The task: Your answer must be every line of the data that holds the string "Bedroom".

Provided entries:
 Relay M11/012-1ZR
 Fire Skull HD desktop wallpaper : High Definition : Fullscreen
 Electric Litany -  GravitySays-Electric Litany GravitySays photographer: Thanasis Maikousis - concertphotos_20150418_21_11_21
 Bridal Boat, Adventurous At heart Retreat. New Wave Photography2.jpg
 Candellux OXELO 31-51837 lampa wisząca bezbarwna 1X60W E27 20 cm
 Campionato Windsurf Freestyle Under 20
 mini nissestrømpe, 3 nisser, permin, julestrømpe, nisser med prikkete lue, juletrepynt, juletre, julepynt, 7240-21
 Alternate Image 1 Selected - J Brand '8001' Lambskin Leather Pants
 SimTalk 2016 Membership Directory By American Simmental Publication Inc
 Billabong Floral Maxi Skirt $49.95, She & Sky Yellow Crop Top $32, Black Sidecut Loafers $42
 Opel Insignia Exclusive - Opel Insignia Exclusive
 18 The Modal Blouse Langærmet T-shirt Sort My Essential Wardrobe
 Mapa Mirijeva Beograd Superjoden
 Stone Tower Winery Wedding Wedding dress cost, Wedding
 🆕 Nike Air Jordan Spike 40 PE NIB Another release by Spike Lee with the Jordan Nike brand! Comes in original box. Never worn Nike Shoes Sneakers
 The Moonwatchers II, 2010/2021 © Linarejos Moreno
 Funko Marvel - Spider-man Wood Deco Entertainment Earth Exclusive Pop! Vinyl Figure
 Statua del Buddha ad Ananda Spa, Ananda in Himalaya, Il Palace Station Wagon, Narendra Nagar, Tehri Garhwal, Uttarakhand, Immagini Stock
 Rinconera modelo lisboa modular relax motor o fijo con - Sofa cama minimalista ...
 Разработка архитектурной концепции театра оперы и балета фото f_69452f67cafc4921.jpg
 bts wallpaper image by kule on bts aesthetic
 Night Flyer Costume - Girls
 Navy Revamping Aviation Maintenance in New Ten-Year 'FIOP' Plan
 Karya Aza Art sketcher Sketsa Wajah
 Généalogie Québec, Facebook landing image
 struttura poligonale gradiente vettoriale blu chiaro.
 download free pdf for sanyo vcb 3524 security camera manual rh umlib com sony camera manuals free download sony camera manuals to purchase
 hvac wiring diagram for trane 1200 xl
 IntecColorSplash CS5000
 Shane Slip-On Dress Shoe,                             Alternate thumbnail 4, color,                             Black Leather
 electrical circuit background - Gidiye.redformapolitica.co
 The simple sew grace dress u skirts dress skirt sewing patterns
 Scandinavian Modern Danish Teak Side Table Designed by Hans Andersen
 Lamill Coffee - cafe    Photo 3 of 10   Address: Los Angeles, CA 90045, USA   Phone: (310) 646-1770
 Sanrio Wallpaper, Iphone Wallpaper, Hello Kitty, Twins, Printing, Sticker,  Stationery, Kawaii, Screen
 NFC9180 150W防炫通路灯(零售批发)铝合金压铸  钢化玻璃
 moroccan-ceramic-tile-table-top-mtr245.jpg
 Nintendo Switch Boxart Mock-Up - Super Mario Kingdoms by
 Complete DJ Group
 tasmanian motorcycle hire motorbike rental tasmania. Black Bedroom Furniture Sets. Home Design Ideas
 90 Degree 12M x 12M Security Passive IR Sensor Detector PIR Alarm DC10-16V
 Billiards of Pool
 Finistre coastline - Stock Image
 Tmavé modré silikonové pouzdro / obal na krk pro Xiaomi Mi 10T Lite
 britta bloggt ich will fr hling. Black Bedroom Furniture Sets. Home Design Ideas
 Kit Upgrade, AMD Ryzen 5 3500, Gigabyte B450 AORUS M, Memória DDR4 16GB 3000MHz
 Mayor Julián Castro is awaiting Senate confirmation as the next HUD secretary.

Answer to the problem:
 tasmanian motorcycle hire motorbike rental tasmania. Black Bedroom Furniture Sets. Home Design Ideas
 britta bloggt ich will fr hling. Black Bedroom Furniture Sets. Home Design Ideas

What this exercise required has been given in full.